Sonotubometry and its role in assessing the functional integrity of eustachean tube
Monday, July 25 2011 @ 08:34 PM UTC
Contributed by: Admin
This concept was first conceived durning the 19th century. It has undergone lot of changes like introduction of better microphones.
Politzer should be credited for the introduction of sonotubometry for analysis of eustachean tube function.
In principle sonotubometry records changes in sound pressure level in the external auditory meatus when a constant sound source is applied to the nostril. In theory the eustachean tube opening will cause an increase in the sound pressure level of middle ear cavity causing a retrograde conduction of sound from the middle ear to the external canal which is recorded by a sensitive recording device. For this to occur the eustachean tube should open and close normally. By just recording the sound which is transmitted from the nose to the external canal via the eustachean tube it is possible to assess the functional integrity of the eustachean tube.

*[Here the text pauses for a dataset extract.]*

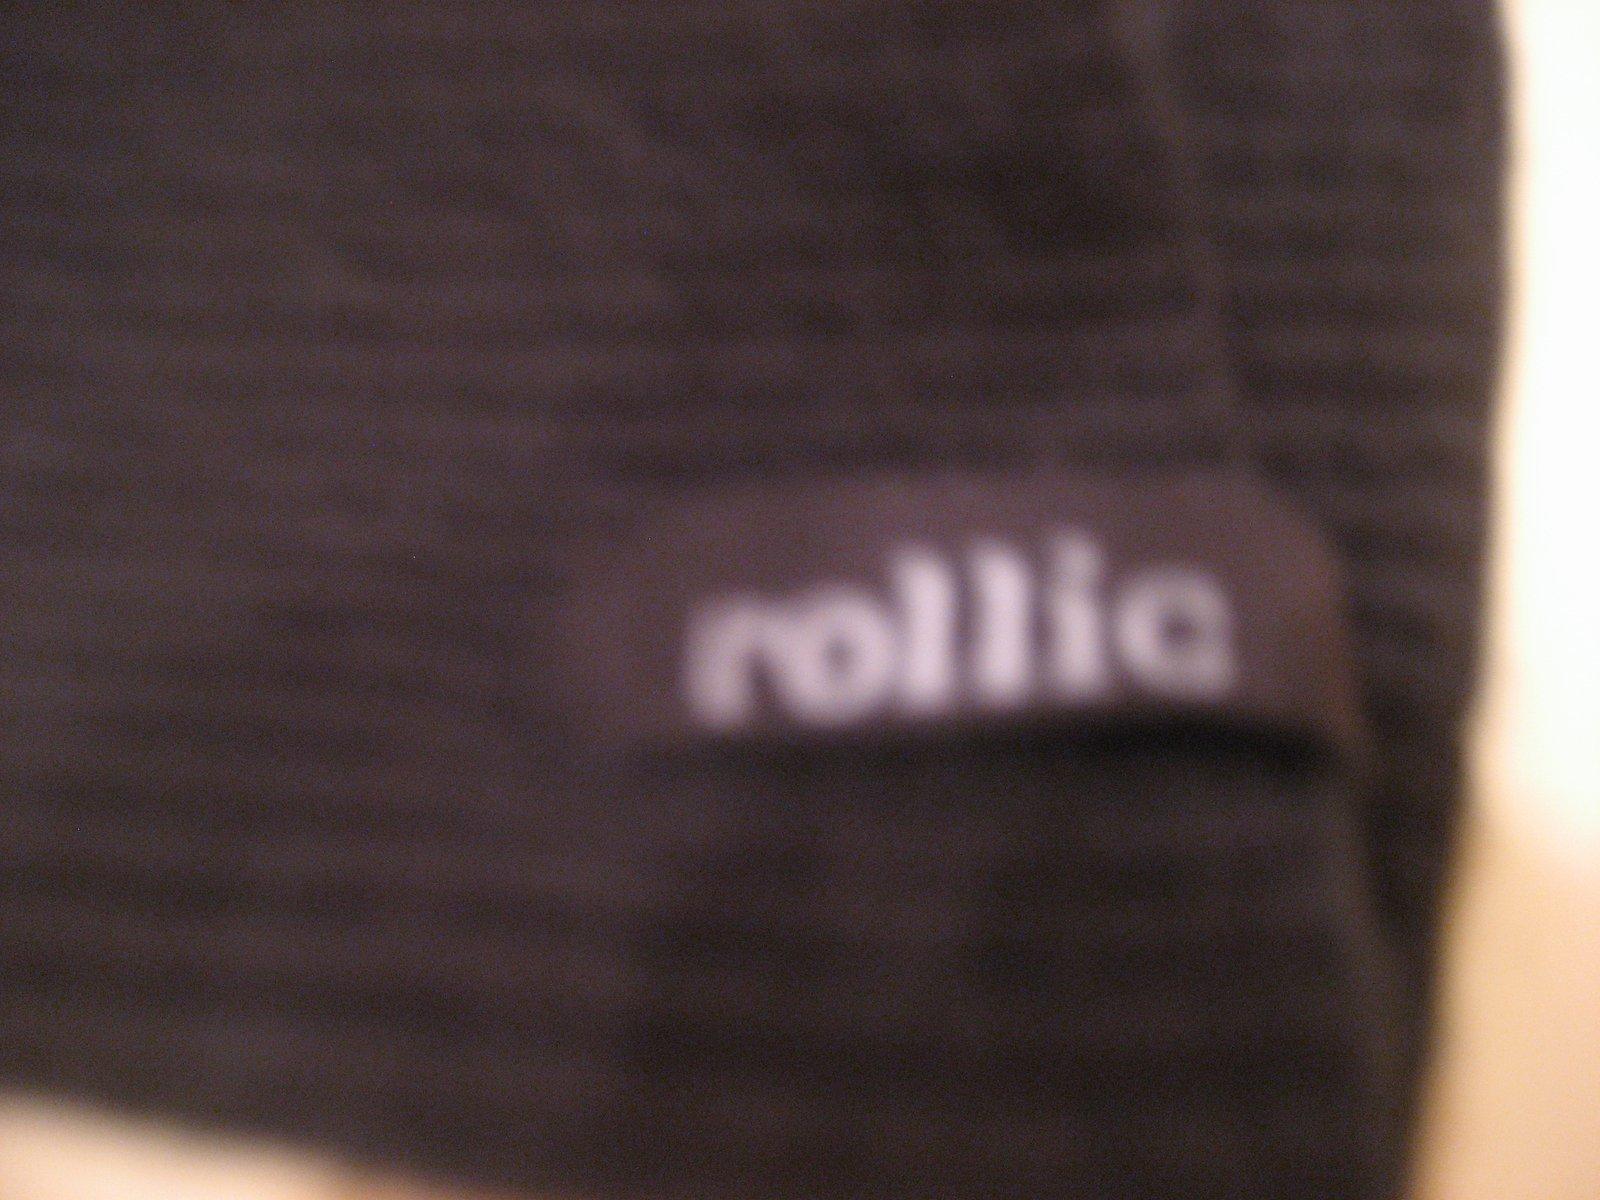 Fs rollic 2

Image showing sonotubometer microphone probe inside the external canal
Advantages of sonotubometry:
1. The whole procedure is performed under physiological conditions
2. Static pressure is not applied over the external auditory canal
3. The whole procedure is independent of the status of ear drum
Pitfalls of sonotubometry device:
1. Leakage of sound from the nostrils and external auditory meatus
2. Identifying the optimal frequency of test sound that should be used
3. Results got corrupted due to the physiological noise of swallowing
These pitfalls were overcome by using inflatable nasal seals that would prevent leakage of sound from the nose and the use of pneumatic valve on the meatal microphone. This pneumatic valve would ensure that the external canal is sealed properly and there is no leakage of sound from it. Regarding the frequency of test sound that should be used it has been demonstrated that frequencies between 6-8 kHz usually produced the best results. It has also been determined that frequencies of 5 kHz usually could be mistaken to that of physiological noises produced due to the act of swallowing.
The test is usually performed by placing a pneumatic microphone inside the external canal and a nasal sound probe which could generate sound at frequencies ranging from 6-8 kHz. Patient is asked to take about 20ml of liquid and hold it inside the oral cavity. When the sound is projected via nasal probe the patient is asked to swallow the liquid. This act of swallowing will open the normally functioning eustachean tube and is considered to be normal if the sound recorded at the external auditory canal reaches the level of 4dB sound pressure level. The duration of the eustachean tube opening can be calculated as the time difference between the onset of increase in the amplitude of sound and the return to its baseline.
Figure showing the sonotubometric curve. SPL reaches the peak level at the external canal 16 dB at 500 milliseconds. The base of the triangle formed by the curve is the time which eustachean tube is kept open. By looking at this curve eustachean tube functional abnormalities can be identified.